Martha Stewart is one of the many sites that I turn to for cooking inspirations for the recipes listed are relatively simple to follow.  I’m an amateur cook so being able to replicate the recipes and having them turn out tasting and looking good really boosts my confidence for now.

I also realise that I enjoy cooking Western meals rather than Asian ones.  Preparation of Asian meals take up quite a lot of time. You see, we are rather greedy people and enjoy having variety of dishes during dinner.  So, I usually have to whip up at least 2 -3 dishes along with plain rice for our Asian meals.  Western meals, on the other hand, are a lot simple to prep in my opinion.

This was tonight’s dinner; a simple one-pot meal that I served with rice for the Man.

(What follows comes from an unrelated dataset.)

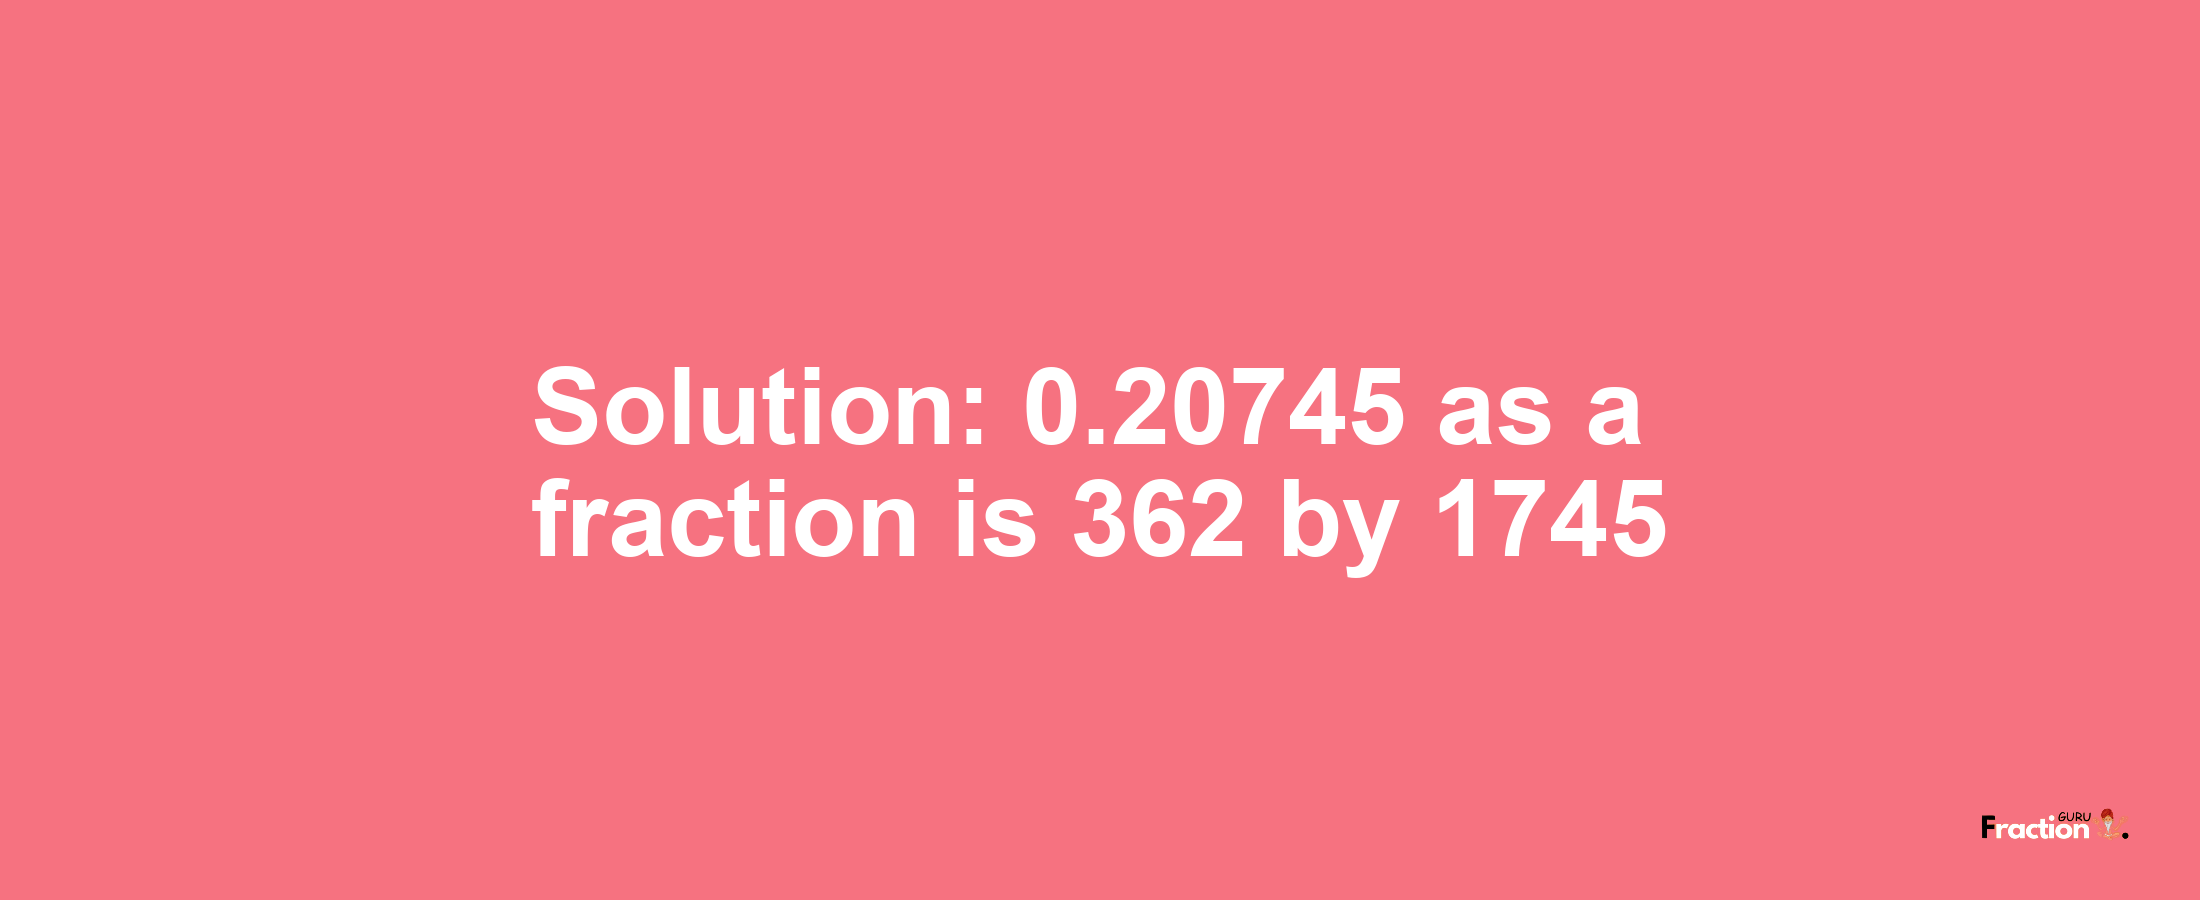 Solution:0.20745 as a fraction is 362/1745

Roast Chicken Drumlets with Wild Mushroom Sauce (Recipe adapted from Martha Stewart)


  • 10 chicken drumlets
  • Coarse salt and freshly ground pepper
  • 2 tablespoons extra-virgin olive oil
  • 1/2 green onion, thinly sliced
  • 1 pound assorted mushrooms (such as brown and white mushrooms), stemmed and quartered
  • 2 tablespoons balsamic vinegar
  • 1 tablespoon all-purpose flour
  • 1 1/2 cups homemade or low-sodium store-bought chicken stock
  • 2 tablespoons chopped fresh flat-leaf parsley, plus sprigs
  • 1 tablespoon heavy cream


  1. Preheat oven to 165 degrees.  Season chicken with salt and pepper.  Heat oil in a large ovenproof skillet over medium-high heat.  Add chicken, skin side down; cook until golden brown, 4 to 5 minutes. Flip; transfer to oven and bake for about 15 minutes.  Transfer to a plate; cover.
  2. Place the skillet over medium heat.  Add onions; cook, stirring for about 1 minute.  Add mushrooms.  Cover; cook, stirring occasionally, 3 minutes.  Stir in vinegar.  Add flour; cook, stirring, 1 minute.  Stir in stock and chopped parsley; simmer, stirring, until thickened, about 5 minutes.  Stir in cream; season with salt and pepper.  Serve with chicken; garnish with parsley sprigs and serve hot.

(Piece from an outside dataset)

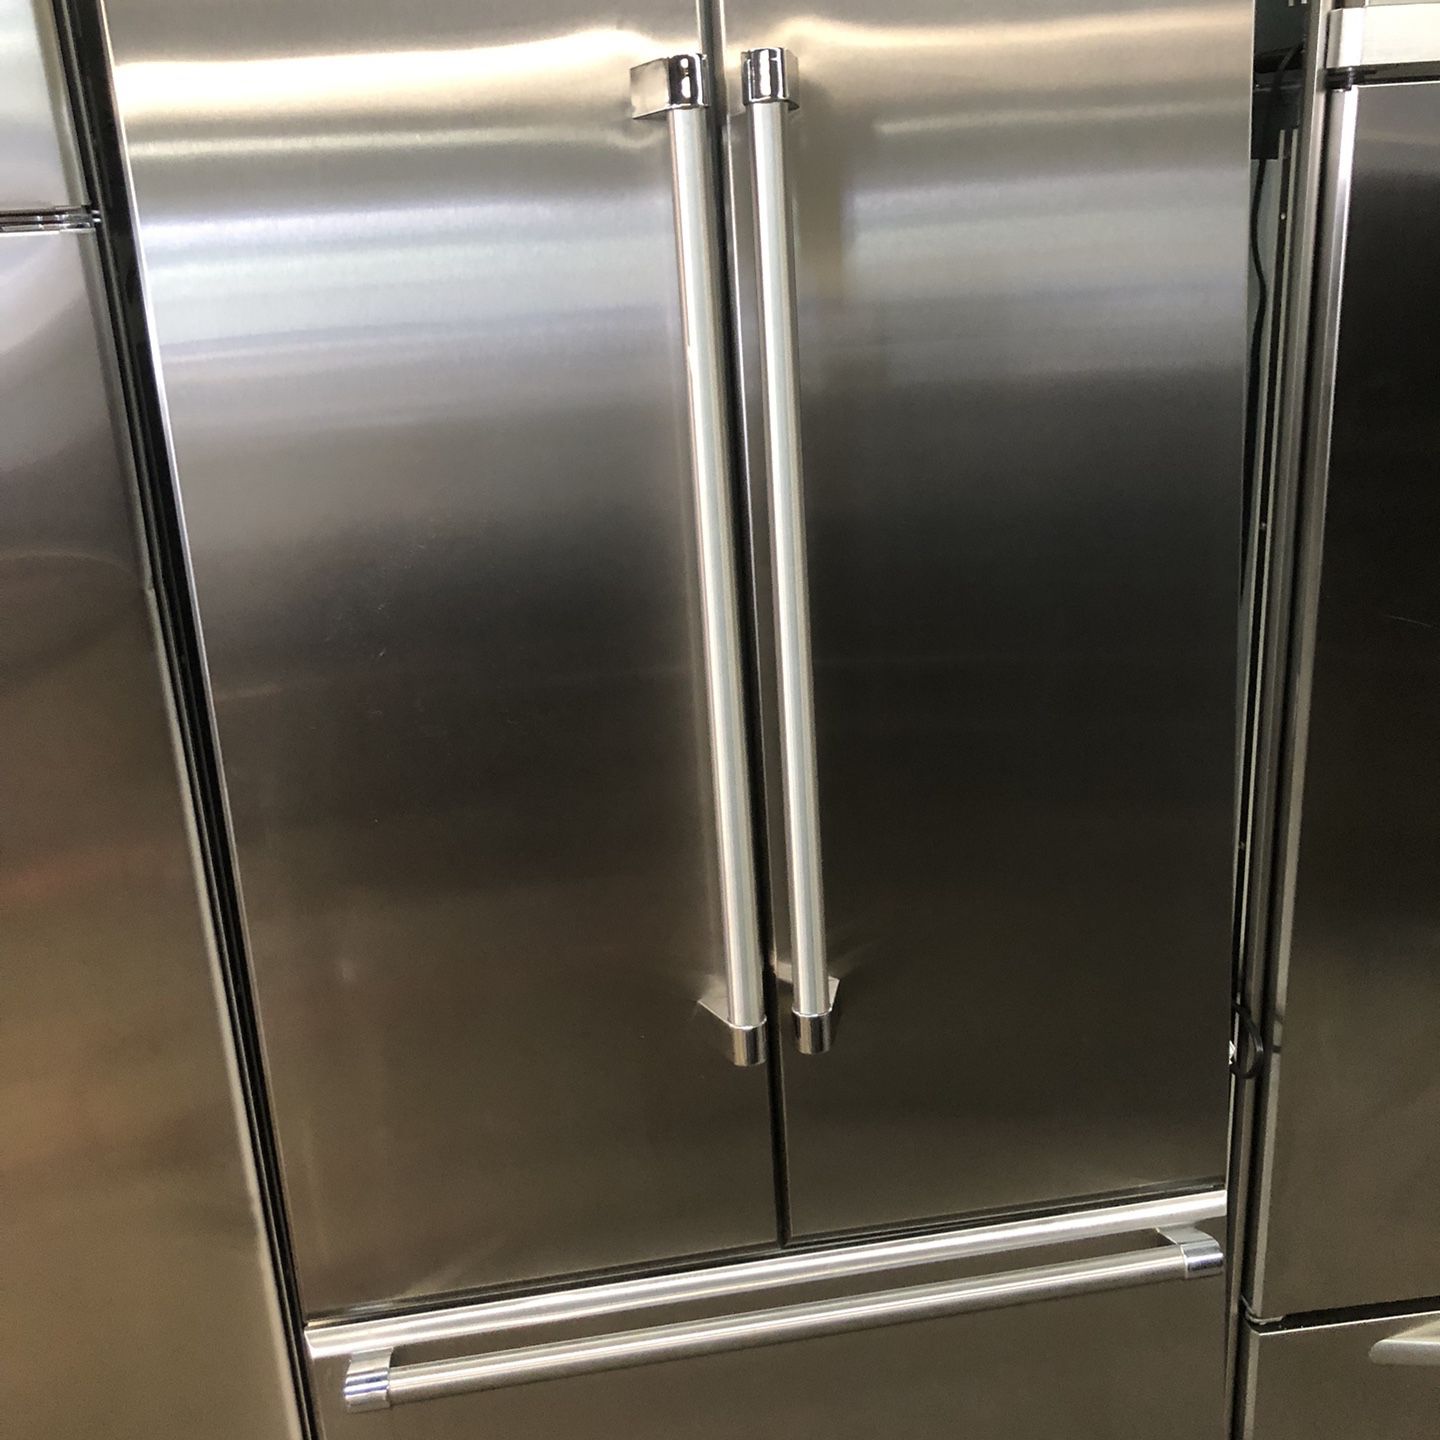 Thermador 36” Stainless Steel Built In French Door Refrigerator

Pretty simple, right?  I think the meal can also be served with crusty garlic bread and a simple salad on the side.  Makes for a wholesome and filling meal.

4 thoughts on “Making it like Martha

    • Lady J says:

      Haven’t attempted her baking recipes yet. Need to summon courage to do baking first. Though I’ve been meaning to try her Earl Grey Cookies.. looks good!

  1. sinlady says:

    i do asian cooking which can be done ahead. i absolutely do not do chinese cooking which i see as last minute fry-up and rushed to the table to be hurriedly wolfed down.

    • Lady J says:

      Lemme research more on Asian cooking… Chinese cooking – I don’t really enjoy and you’re right.. more than often, it gets wolfed down at my table!